§ YOUR ASSIGNMENT
Of all the lines below, output only those starting at the one with "運河結論事実上【大容量】hadakara ハダカラ ボディソープ" and ending at the one with "Pracovní LED lampa", both ends included, exactly as written.

§ RECORDS SUPPLIED
+---+

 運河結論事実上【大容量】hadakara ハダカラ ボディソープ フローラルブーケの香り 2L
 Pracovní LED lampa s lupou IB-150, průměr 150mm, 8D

+---+

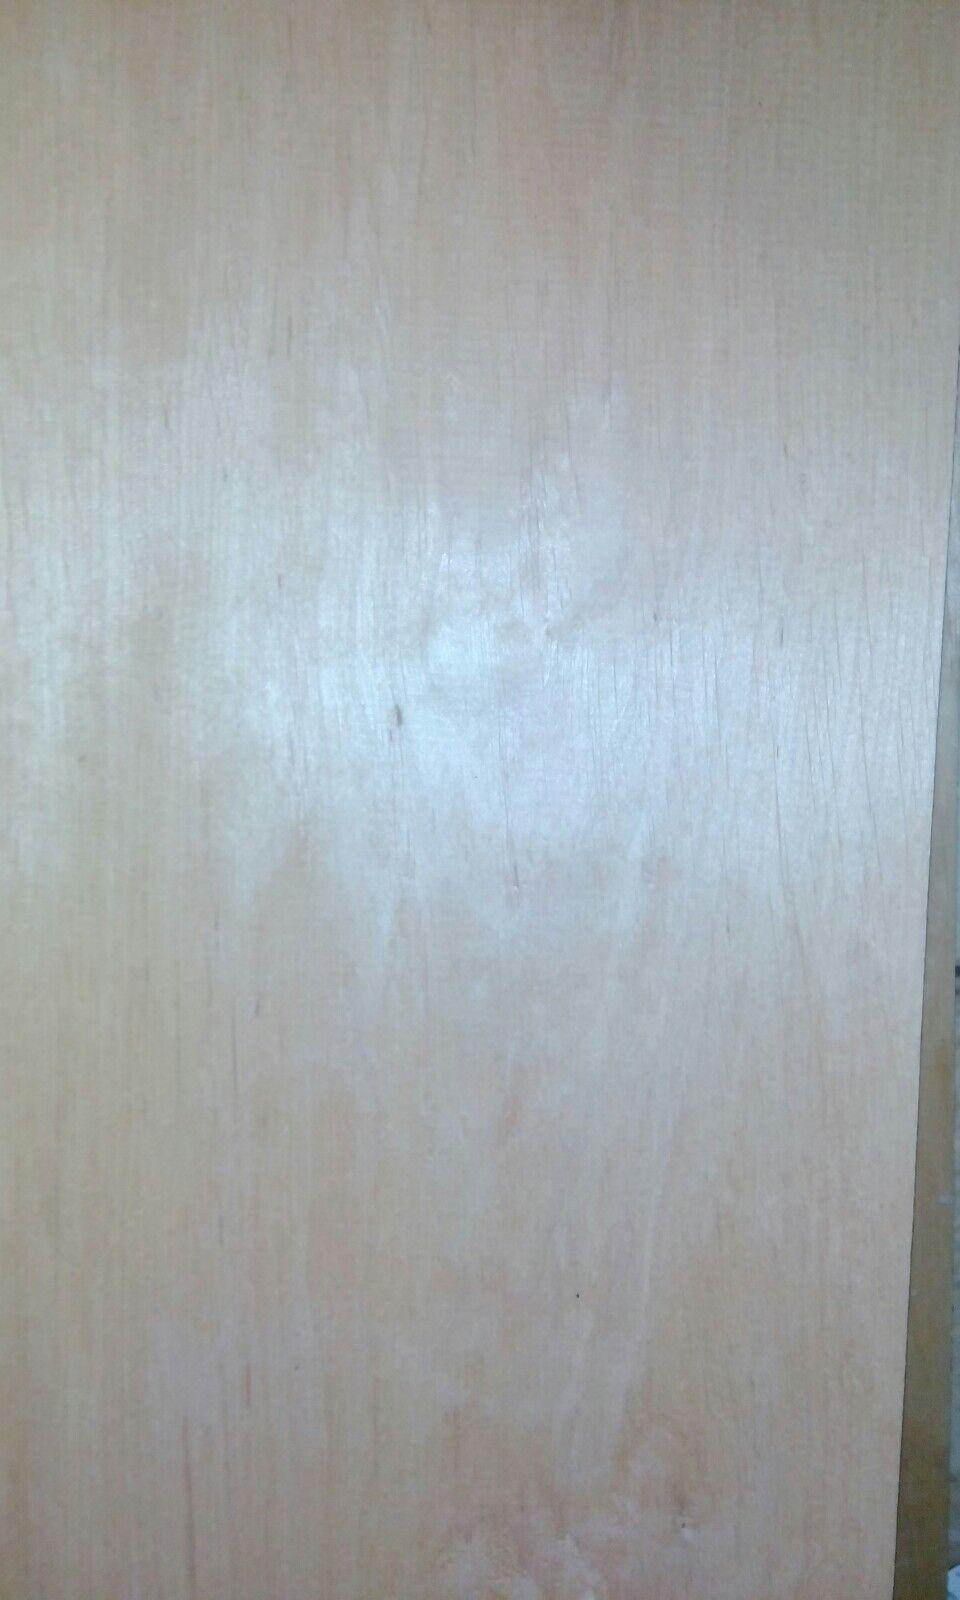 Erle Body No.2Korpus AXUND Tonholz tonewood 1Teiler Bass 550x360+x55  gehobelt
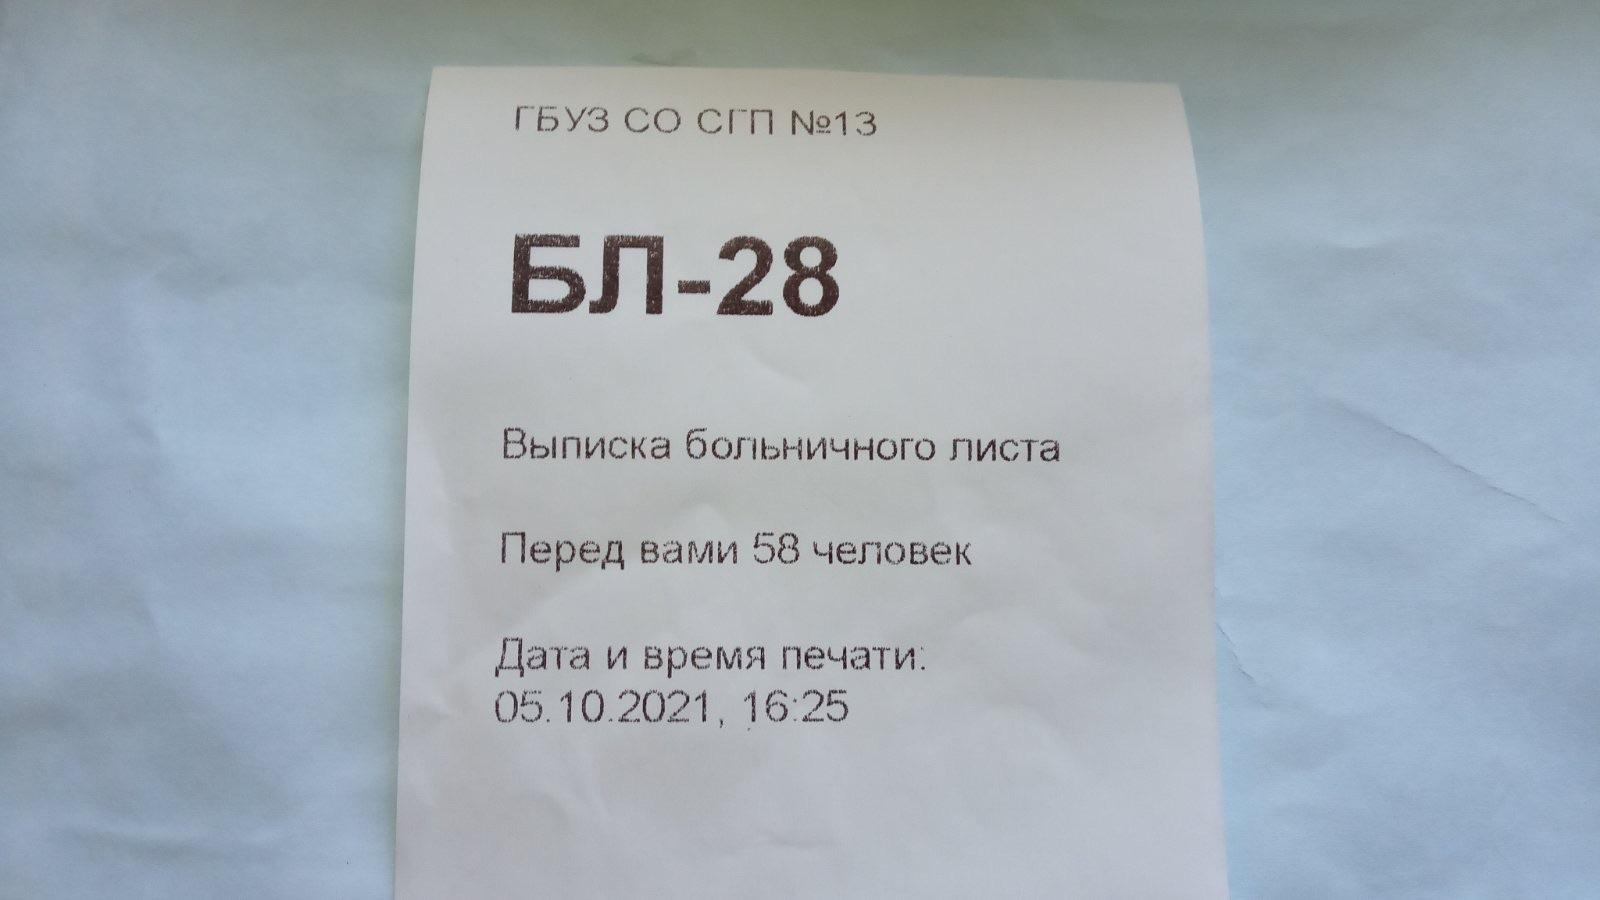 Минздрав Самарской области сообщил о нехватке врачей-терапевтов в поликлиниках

+---+

§ SOLUTION FOR THIS TASK
 運河結論事実上【大容量】hadakara ハダカラ ボディソープ フローラルブーケの香り 2L
 Pracovní LED lampa s lupou IB-150, průměr 150mm, 8D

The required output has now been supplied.